In [1]:
import pandas as pd

# Idea

The test data is a bunch of events (which may include assessments) followed by the start of an assessement, for which we have to predict the number of attempts. 

The train data has a bunch of events (which may include assessments) and we have the full data for all of the assessments.

This means that each observation is a collection of events up to the start of an assessment, and the labels are calculated by what happens during that assessment. So each installation id in train gives us a bunch of data points (one for each assessment).

We should drop data from installation_ids which do not have assessments.

In [2]:
train = pd.read_pickle('../data/processed/train.pkl')
train.head(3)

Unnamed: 0,event_id,game_session,timestamp,event_data,installation_id,event_count,event_code,game_time,title,type,world
4152505,27253bdc,5f9ff9bf9350a7ef,2019-07-23T02:12:17.279Z,"{""event_code"": 2000, ""event_count"": 1}",5b826029,1,2000,0,Welcome to Lost Lagoon!,Clip,NONE
4152506,27253bdc,9fc66af070776a8d,2019-07-23T02:12:53.427Z,"{""event_code"": 2000, ""event_count"": 1}",5b826029,1,2000,0,Tree Top City - Level 1,Clip,TREETOPCITY
4152507,27253bdc,0f1889a6816bd427,2019-07-23T02:14:27.038Z,"{""event_code"": 2000, ""event_count"": 1}",5b826029,1,2000,0,Ordering Spheres,Clip,TREETOPCITY


We want to be able to recreate this information ourselves... this is because we're eventually going to have to calculate it for stuff in the test data.

In [14]:
labels = pd.read_csv('../data/raw/train_labels.csv')
labels.query("installation_id == '0006a69f'")

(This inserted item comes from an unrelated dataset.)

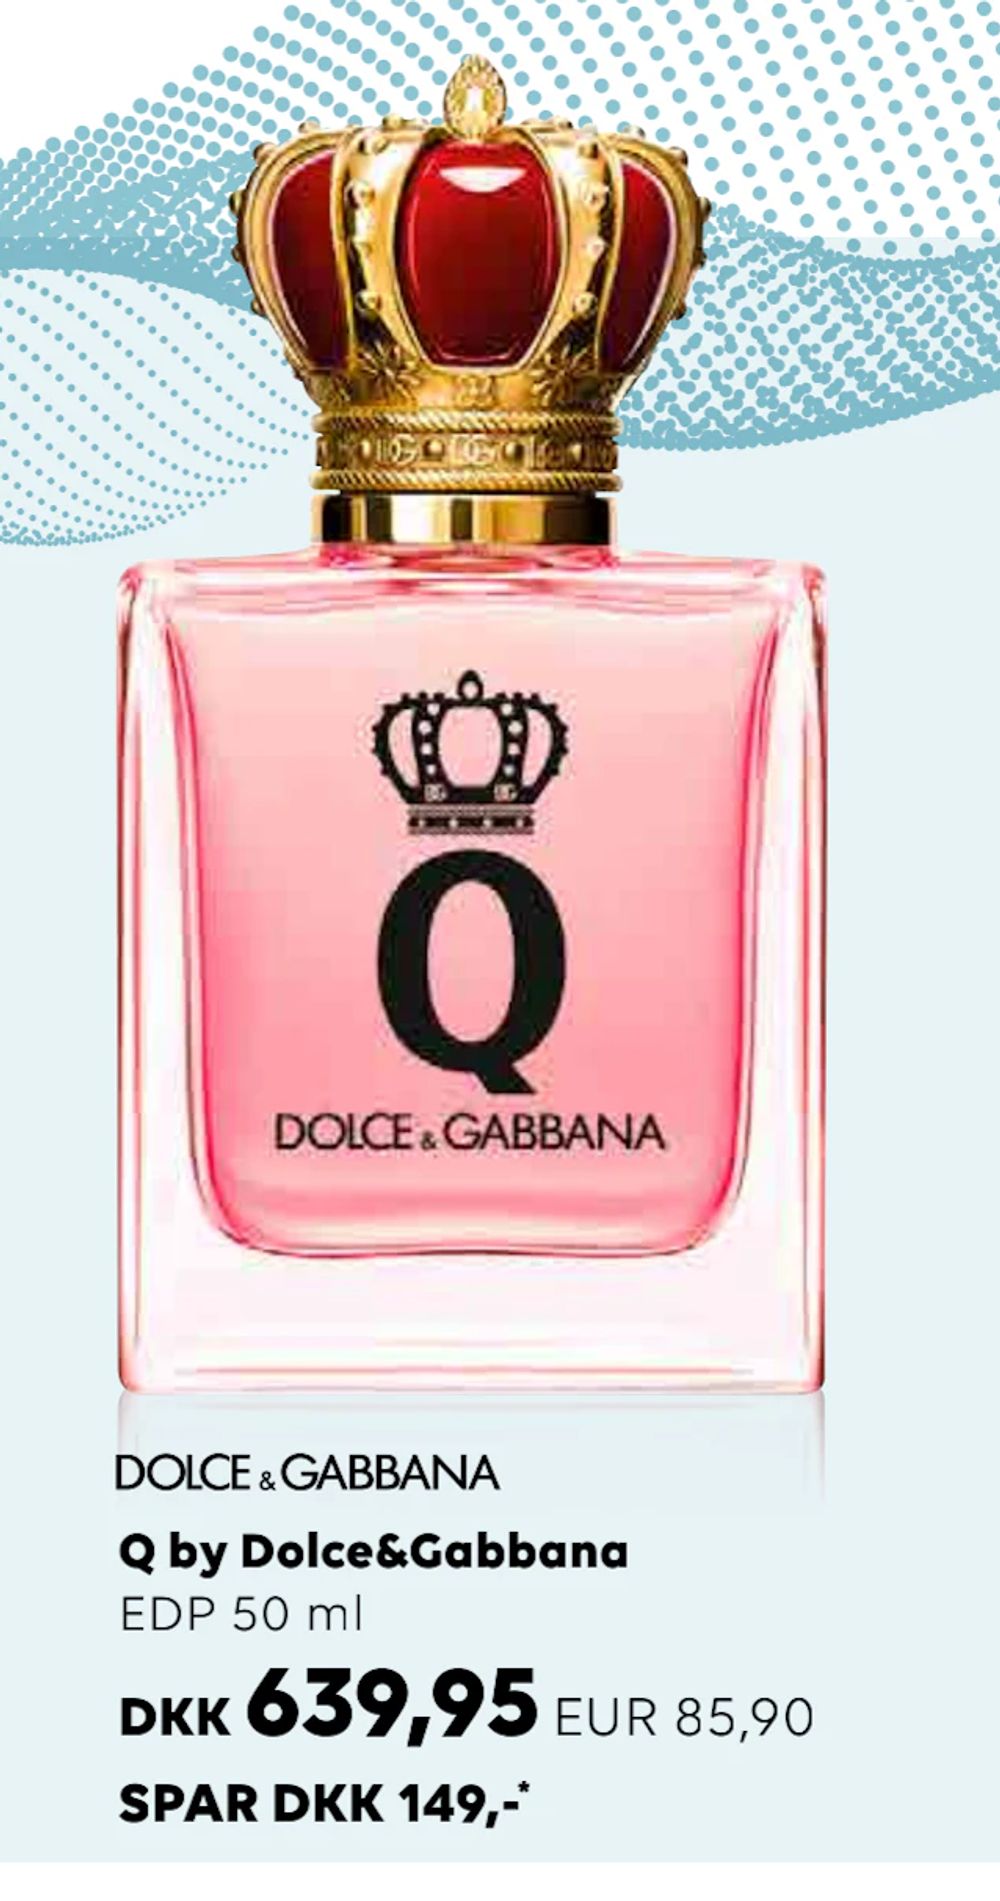 Tilbud på Q by Dolce&Gabbana fra Scandlines Travel Shop til 639,95 kr.
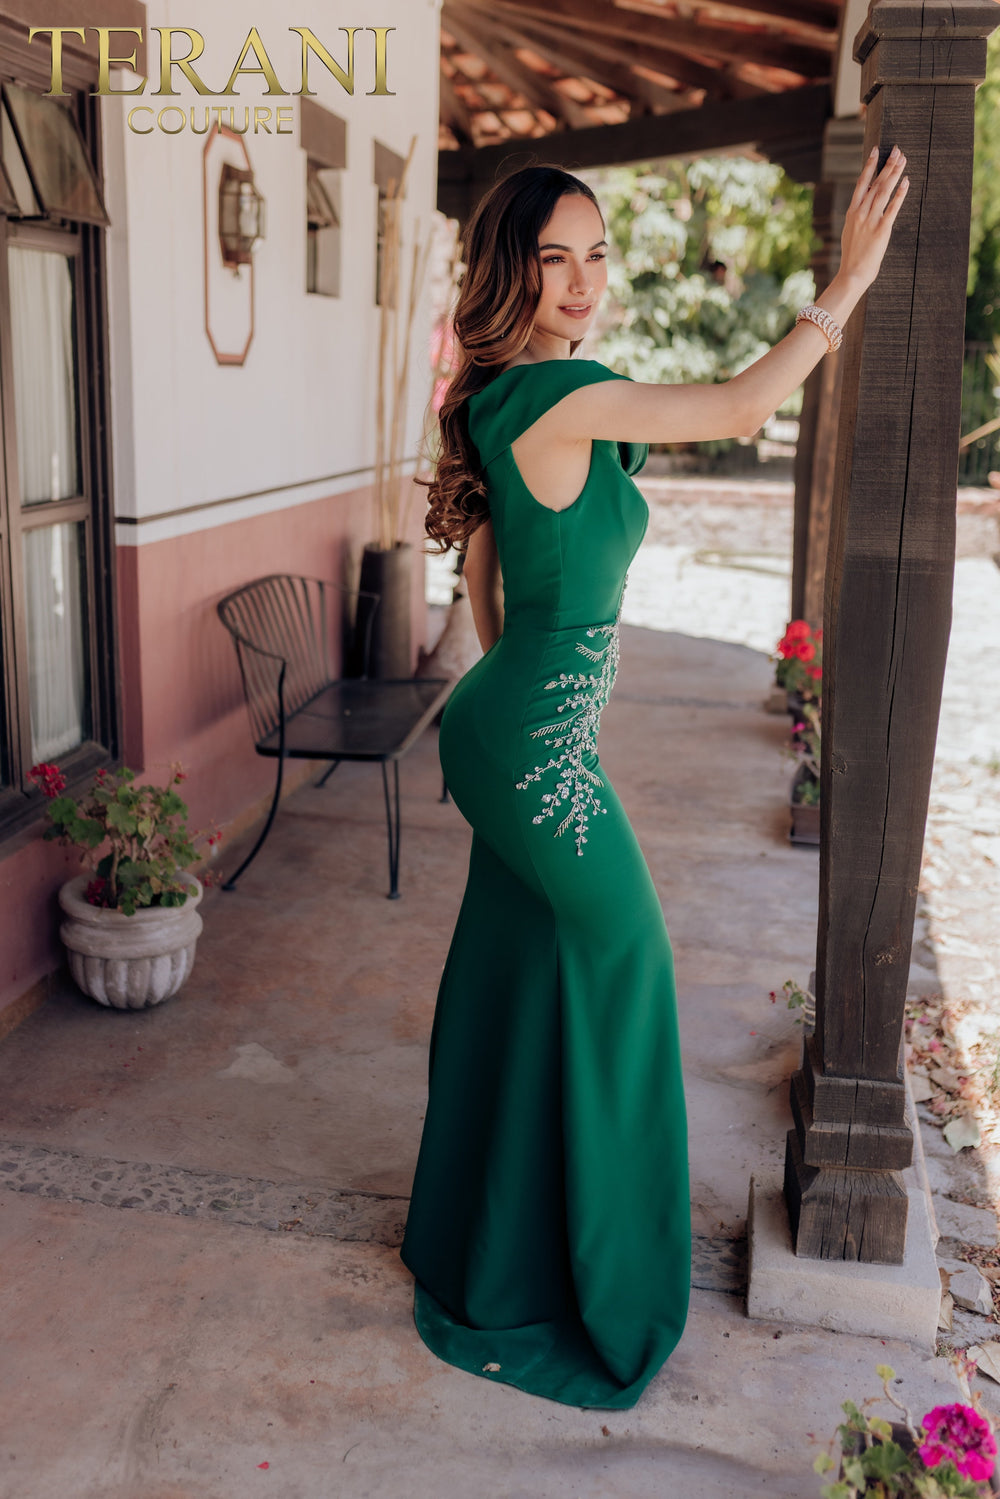 Terani Couture 232M1549 Emerald

Unnamed: 0,game_session,installation_id,title,num_correct,num_incorrect,accuracy,accuracy_group
0,6bdf9623adc94d89,0006a69f,Mushroom Sorter (Assessment),1,0,1.0,3
1,77b8ee947eb84b4e,0006a69f,Bird Measurer (Assessment),0,11,0.0,0
2,901acc108f55a5a1,0006a69f,Mushroom Sorter (Assessment),1,0,1.0,3
3,9501794defd84e4d,0006a69f,Mushroom Sorter (Assessment),1,1,0.5,2
4,a9ef3ecb3d1acc6a,0006a69f,Bird Measurer (Assessment),1,0,1.0,3


In [4]:
labels.query("game_session == 'a9ef3ecb3d1acc6a'")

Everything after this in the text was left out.